Pandas also does a great job when it come to cleaning your dataframe.
<a id="pandas_data_cleaning_missing_values"></a>
- __Missing Values:__
    - One of the first steps you want to do when import a dataframe is check for null values. This can be done by calling   ```df.isnull()```. This will return a Boolean array of your dataframe where True equals a null value. If you want the total of null values by column simply place the ```sum()``` method at the end of the statement [```df.isnull().sum()```](https://pandas.pydata.org/pandas-docs/version/0.23.4/generated/pandas.isnull.html) (You can perform math on Booleans in Python, True will be treated as ones and False as zeros).
    - You can drop all missing values using [```df.drop_na()```](https://pandas.pydata.org/pandas-docs/stable/reference/api/pandas.DataFrame.dropna.html), the arguement ```axis=0``` will drop the rows and ```axis=1``` the columns.
    - You can impute the missing values using [```df.fillna(x)```](https://pandas.pydata.org/pandas-docs/stable/reference/api/pandas.DataFrame.fillna.html) where ```x``` can be any value. Here you would be using the mean to replace missing values in ```Col1``` ```df['Col1'].fillna(df['Col1'].mean())```. 
<a id="pandas_data_cleaning_replacing_values"></a>    
- __Replacing Values:__
    - Sometimes you want to replace a value in dataframe. To do this in pandas you use the [```replace```](https://pandas.pydata.org/pandas-docs/stable/reference/api/pandas.DataFrame.replace.html) method. ```df.replace('Bos','Boston')``` would replace Bos with Boston. This also works with multiple values just use lists, ```df.replace(['Bos','NYC'],['Boston','New York City'])```.
<a id="pandas_data_cleaning_renaming_lists"></a>    
- __Renaming Lists:__
   - Data will often come without, incorrect, or long column names.
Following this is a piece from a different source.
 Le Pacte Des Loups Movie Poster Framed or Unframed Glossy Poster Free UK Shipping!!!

You can rename columns by feeding a new list to [```df.columns```](https://pandas.pydata.org/pandas-docs/stable/reference/api/pandas.DataFrame.columns.html), but this will require you to have a list of the same length as the current column list. The best way to rename columns is to use the [```rename```](https://pandas.pydata.org/pandas-docs/stable/reference/api/pandas.DataFrame.rename.html) method.```rename``` requires a dictionay of the old column name as the key and new column name as the value pair ' ```df.rename({'Col1' : 'Column_1', 'Col2' : 'Column_2'})```.
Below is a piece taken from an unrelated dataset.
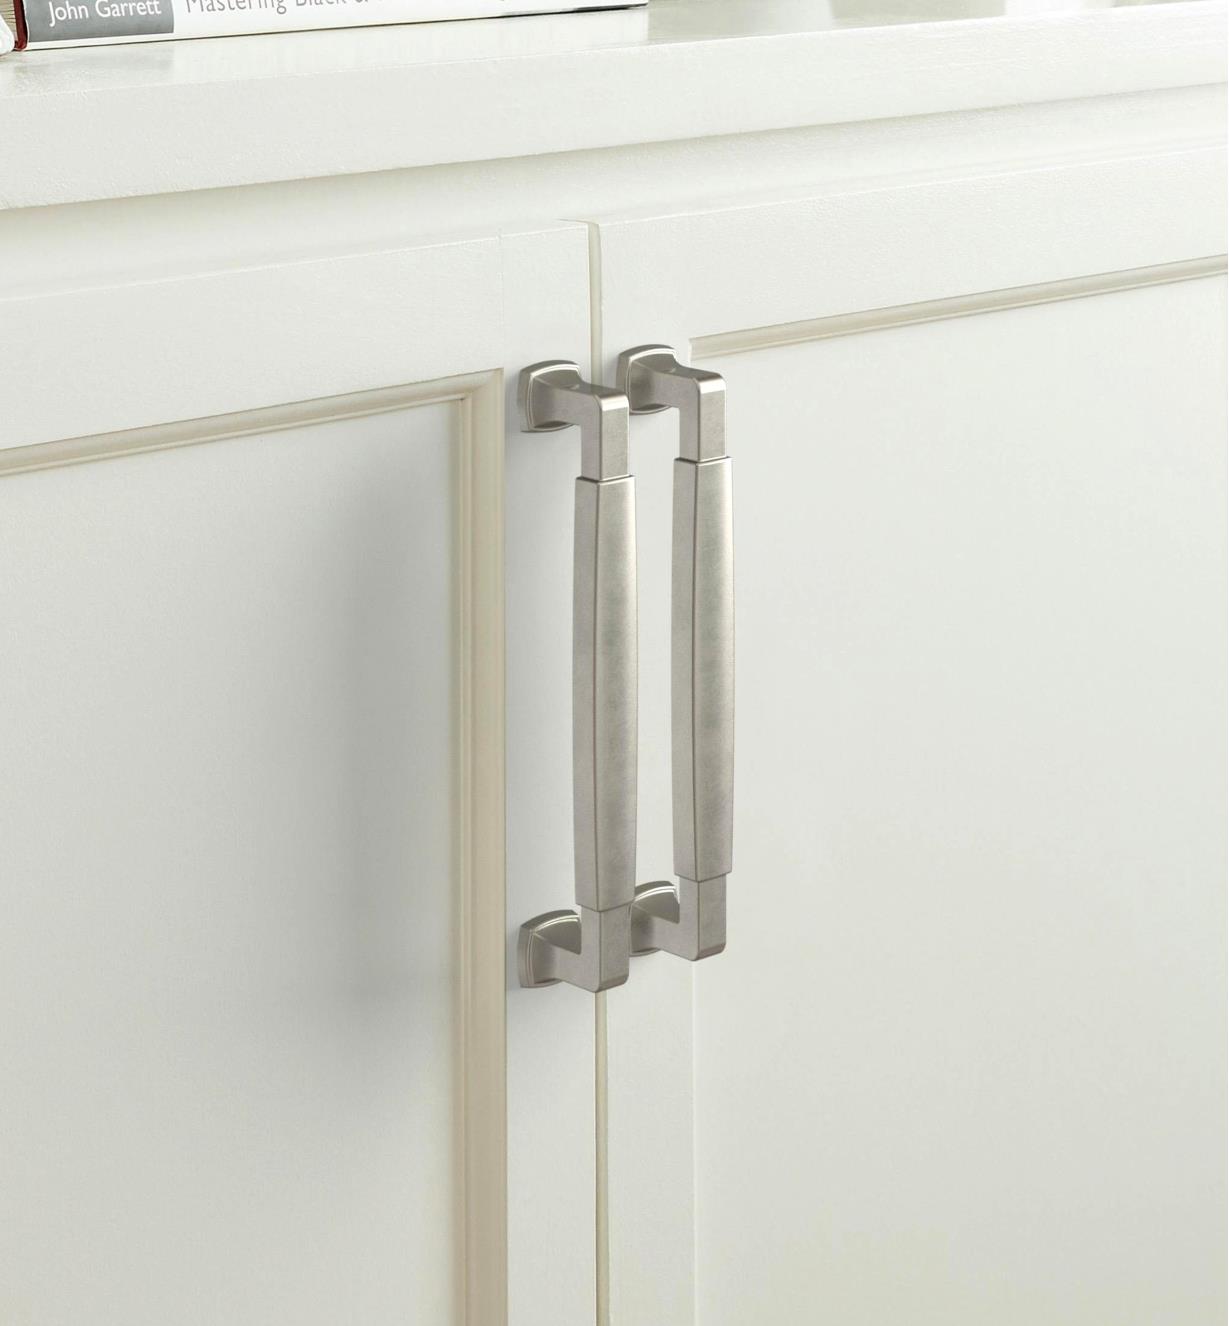 Two satin nickel colored Stature handles are connected vertically to two white colored cupboard doors

<a id="pandas_joining_data"></a>
## Joining Data

There are three main methods around joining data in pandas: [```append```](https://pandas.pydata.org/pandas-docs/stable/reference/api/pandas.DataFrame.append.html), [```concat```](https://pandas.pydata.org/pandas-docs/stable/reference/api/pandas.concat.html), and [```join```](https://pandas.pydata.org/pandas-docs/stable/reference/api/pandas.DataFrame.join.html).
   - ```df1.append(df2)``` will stack the two dataframes df1 on top of df2. Make sure the columns are identical.
   - ```df1.concat(df2,axis=1)``` this will add the columns of df2 to the end of df1. Make sure the rows are identical.
   - ```df1.join(df2,on = ['Col1'],how = 'inner')``` This joins the columns in df1 with the columns in df2 were ```Col1``` have matching values. You can also do left, right, outer, and inner joins. You can also join on multiple values.